*AIM OF THE EXERCISE*: Repeat the listing below exactly from the line with "Moradia com piscina" through its last line. Skip every picture.

*AVAILABLE DATA*:
========================================================================

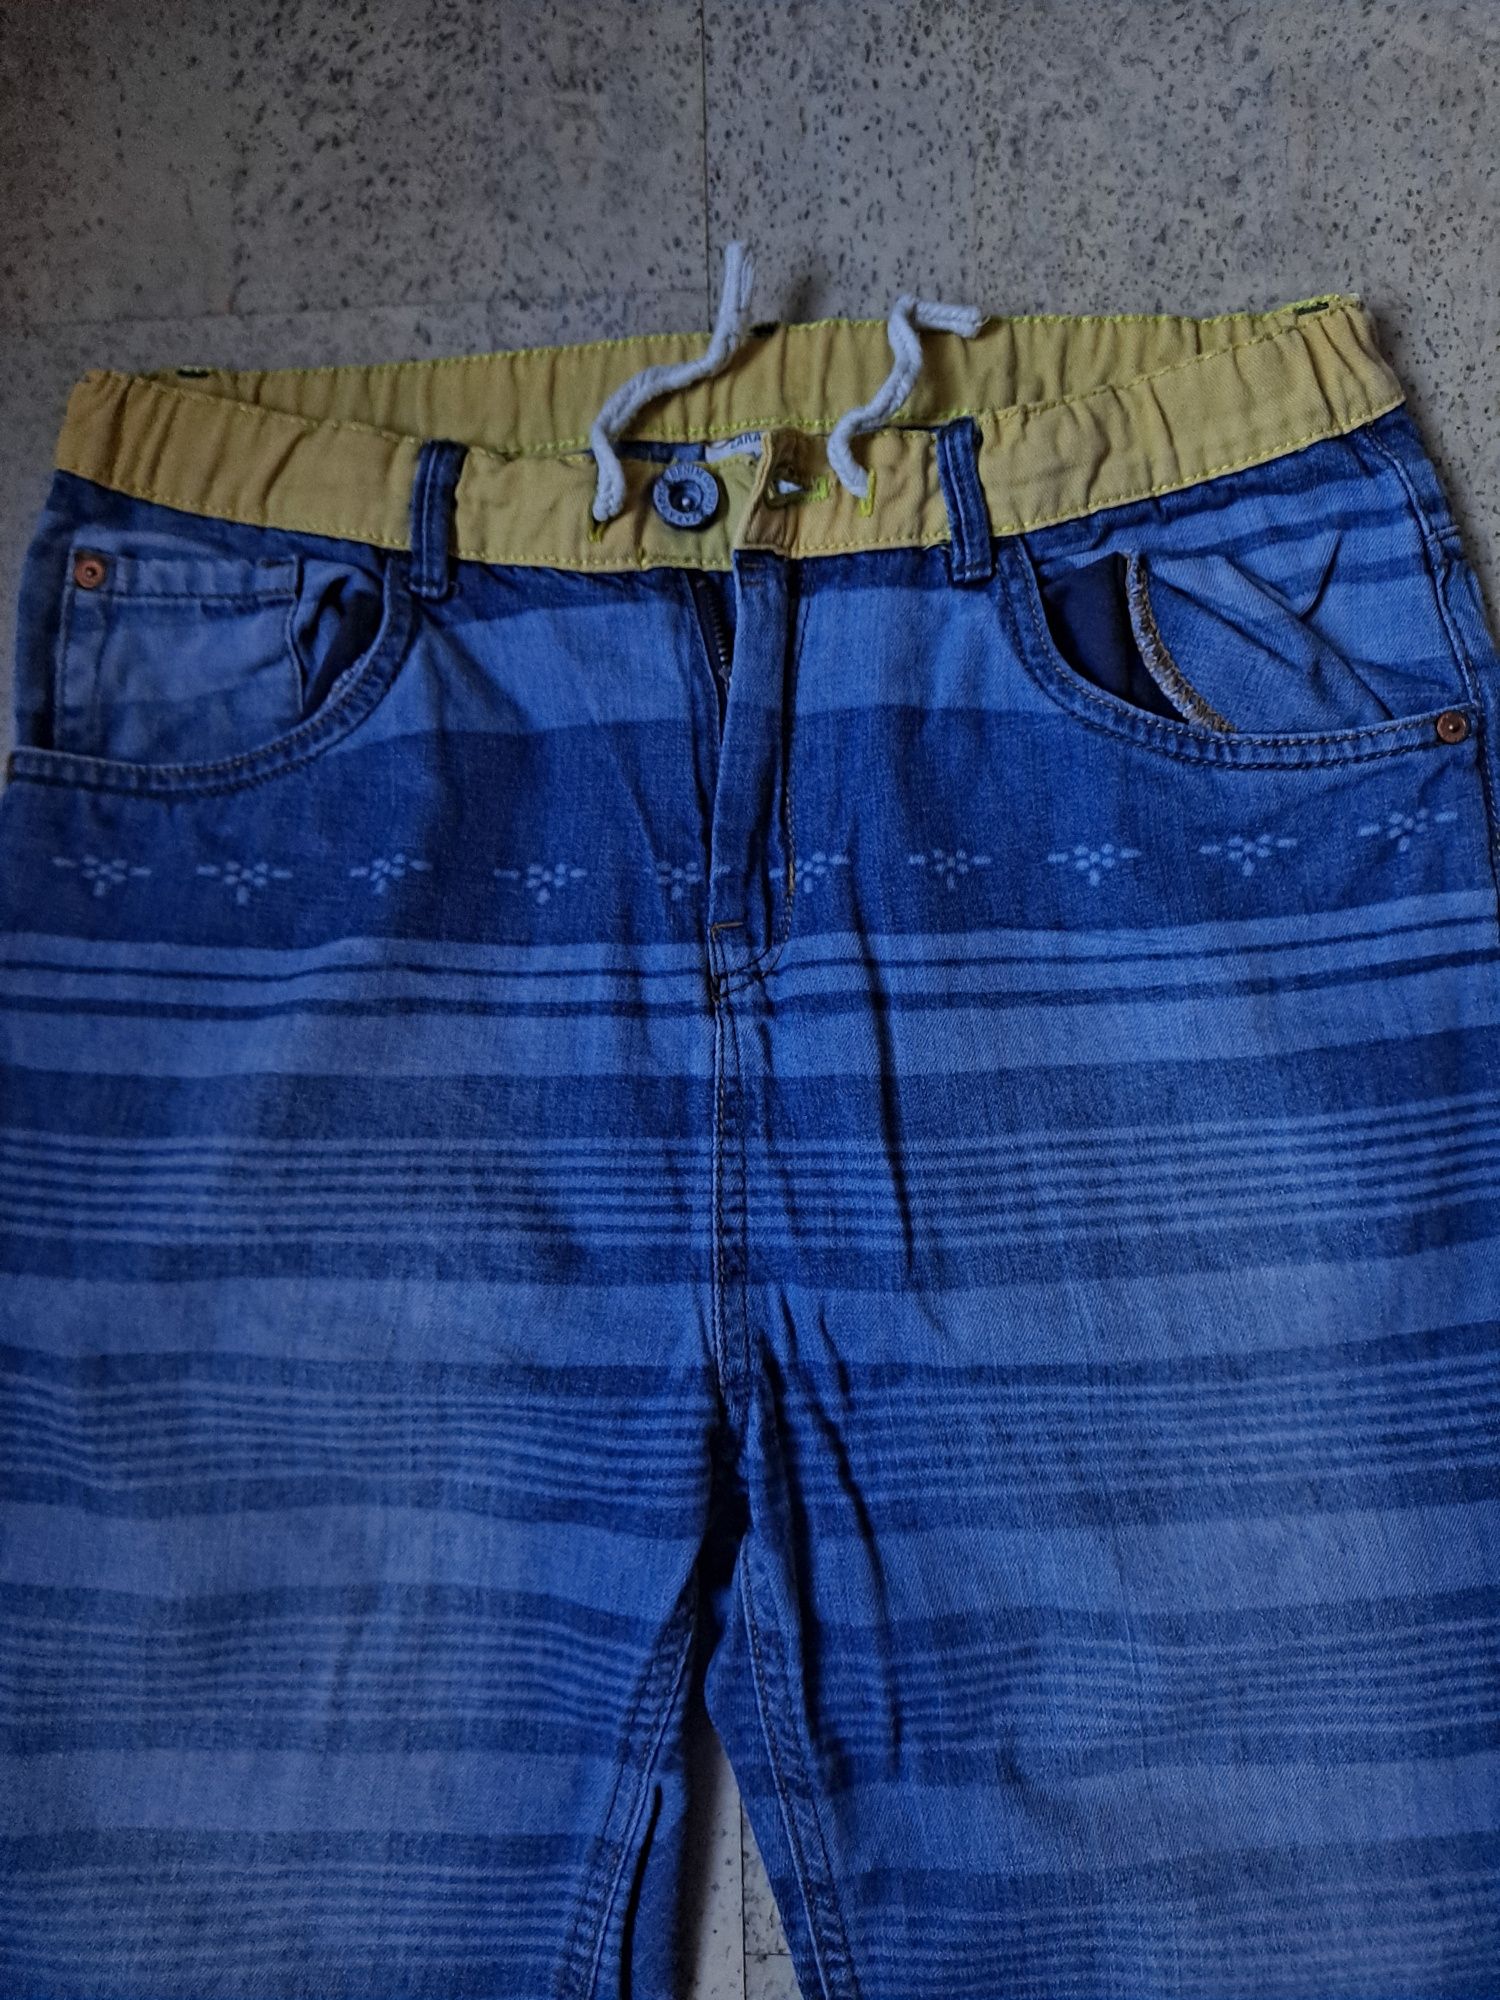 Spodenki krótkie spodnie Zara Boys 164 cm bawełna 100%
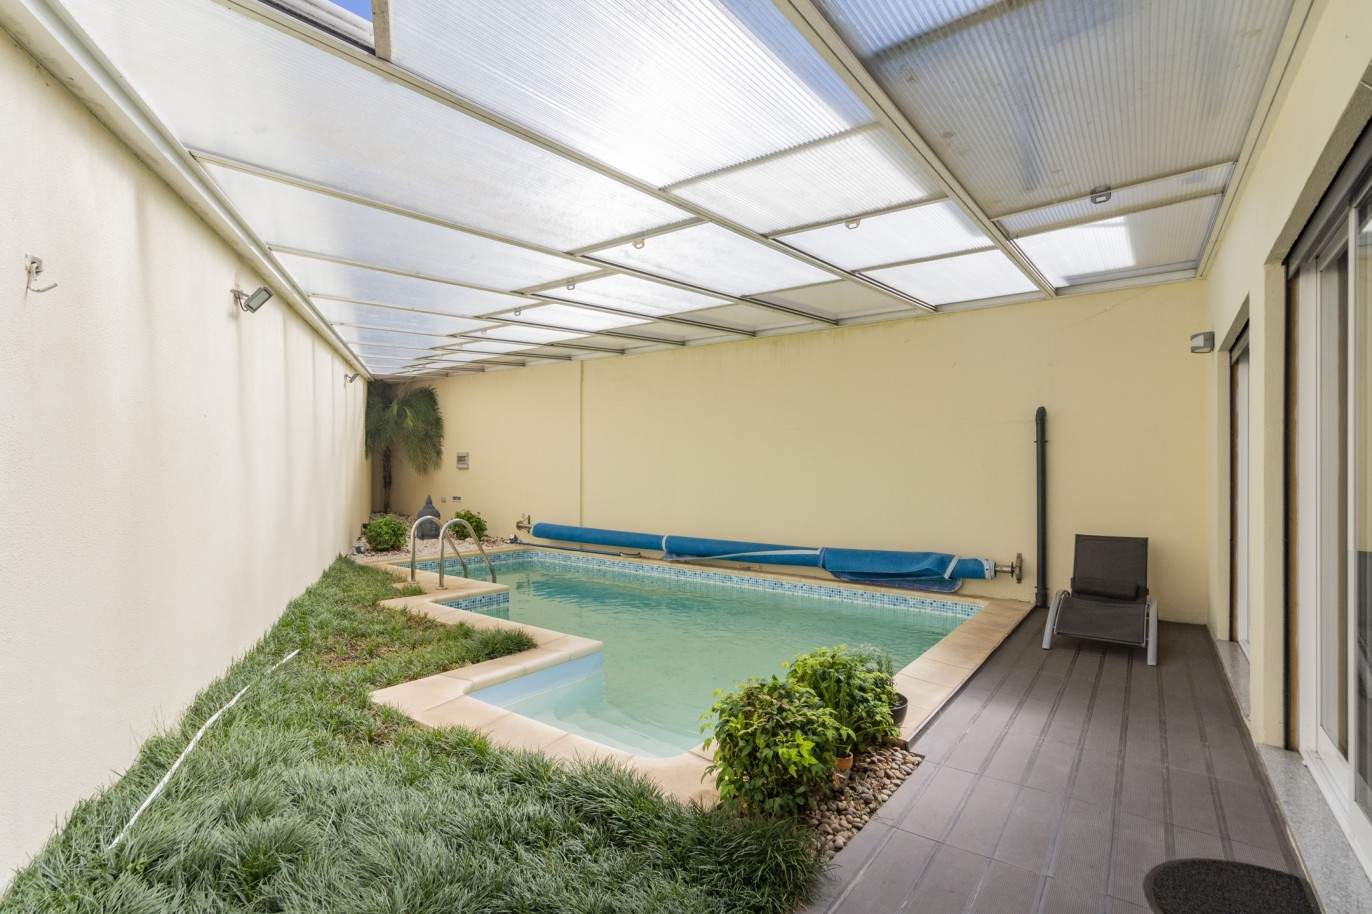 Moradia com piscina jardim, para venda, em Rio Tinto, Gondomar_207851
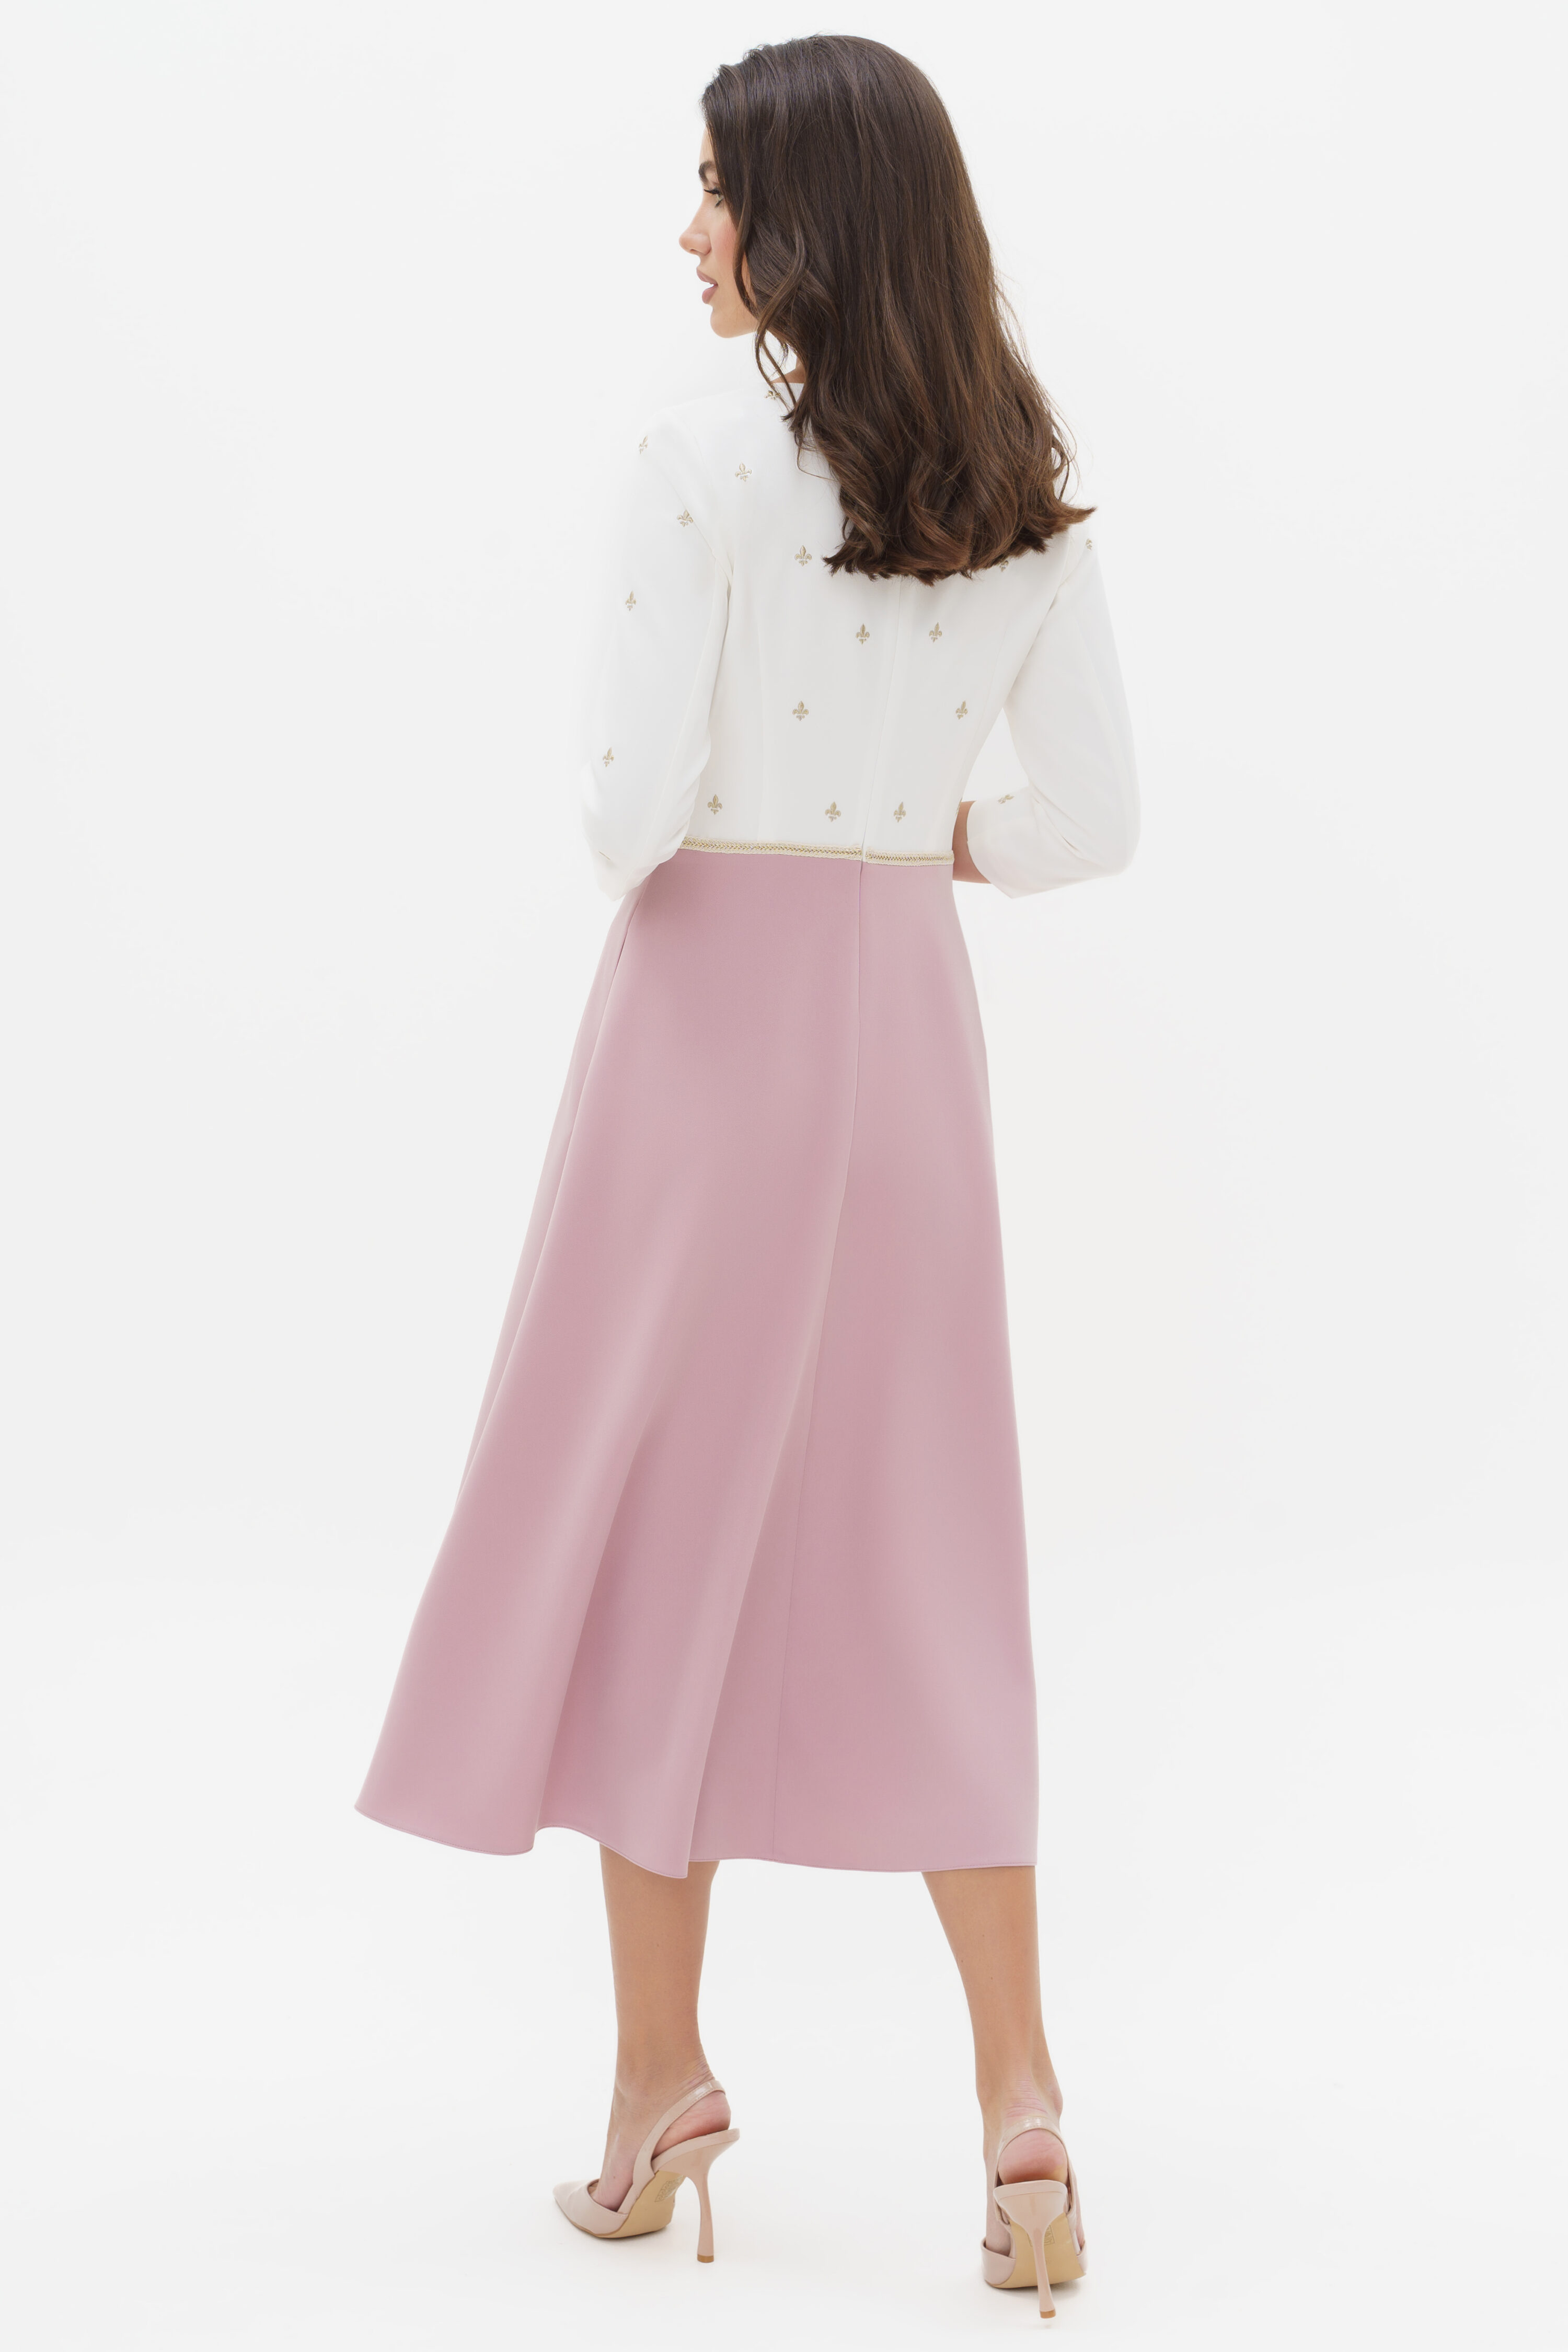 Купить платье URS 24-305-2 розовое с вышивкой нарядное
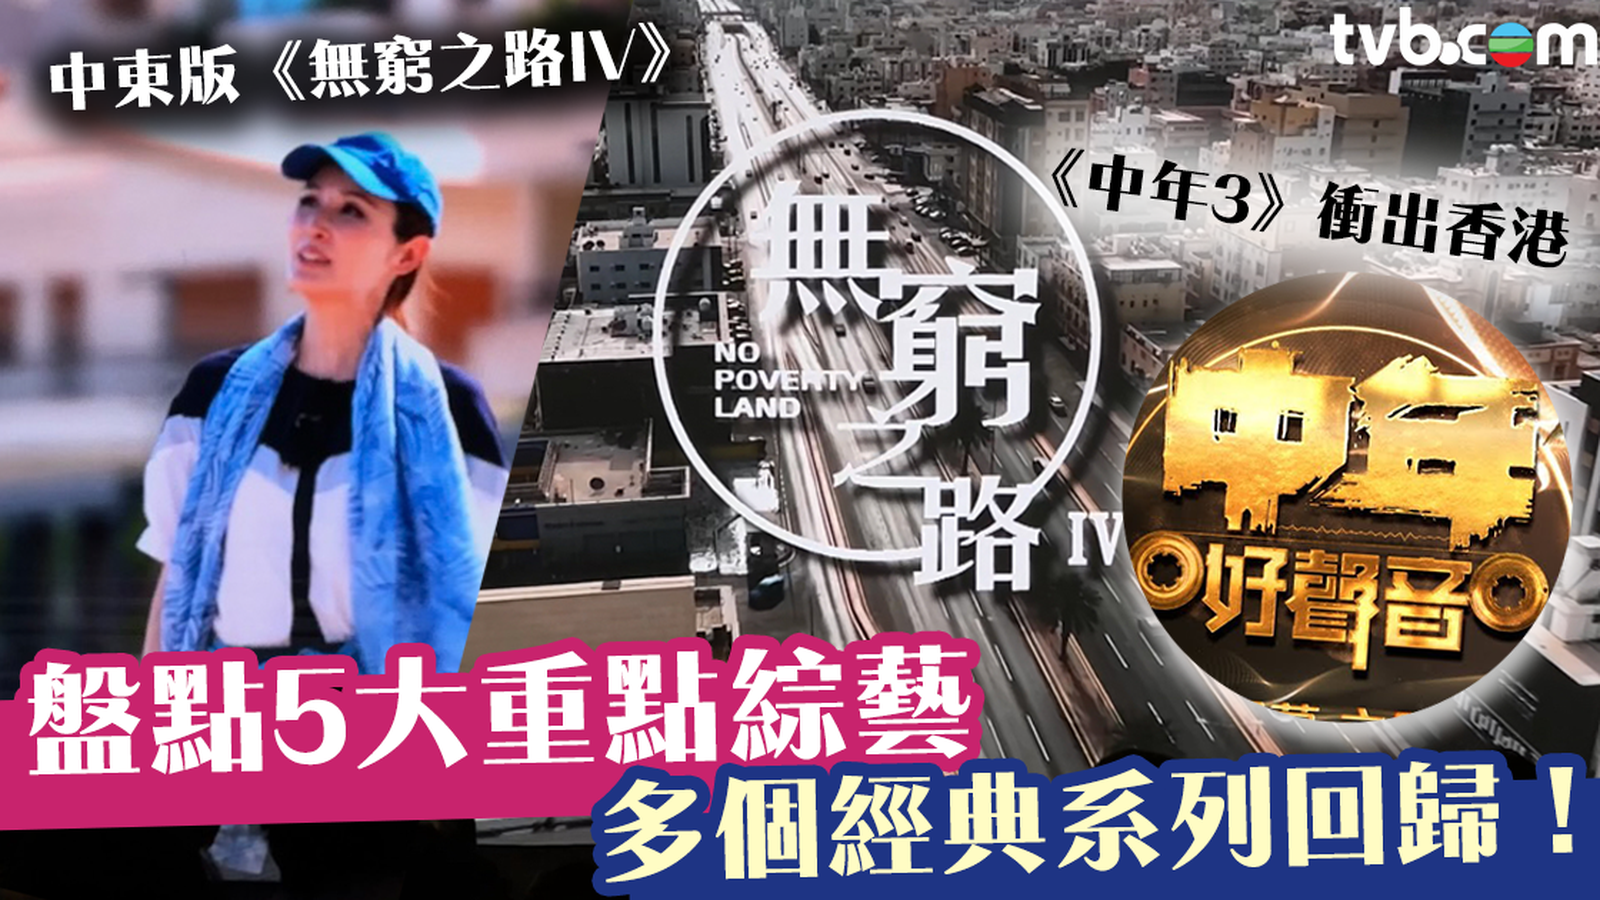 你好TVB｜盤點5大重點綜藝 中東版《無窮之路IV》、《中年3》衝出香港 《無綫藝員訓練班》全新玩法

========================================================================

*TASK SOLUTION*:
 Moradia com piscina jardim, para venda, em Rio Tinto, Gondomar_207851
 Купить платье URS 24-305-2 розовое с вышивкой нарядное
 你好TVB｜盤點5大重點綜藝 中東版《無窮之路IV》、《中年3》衝出香港 《無綫藝員訓練班》全新玩法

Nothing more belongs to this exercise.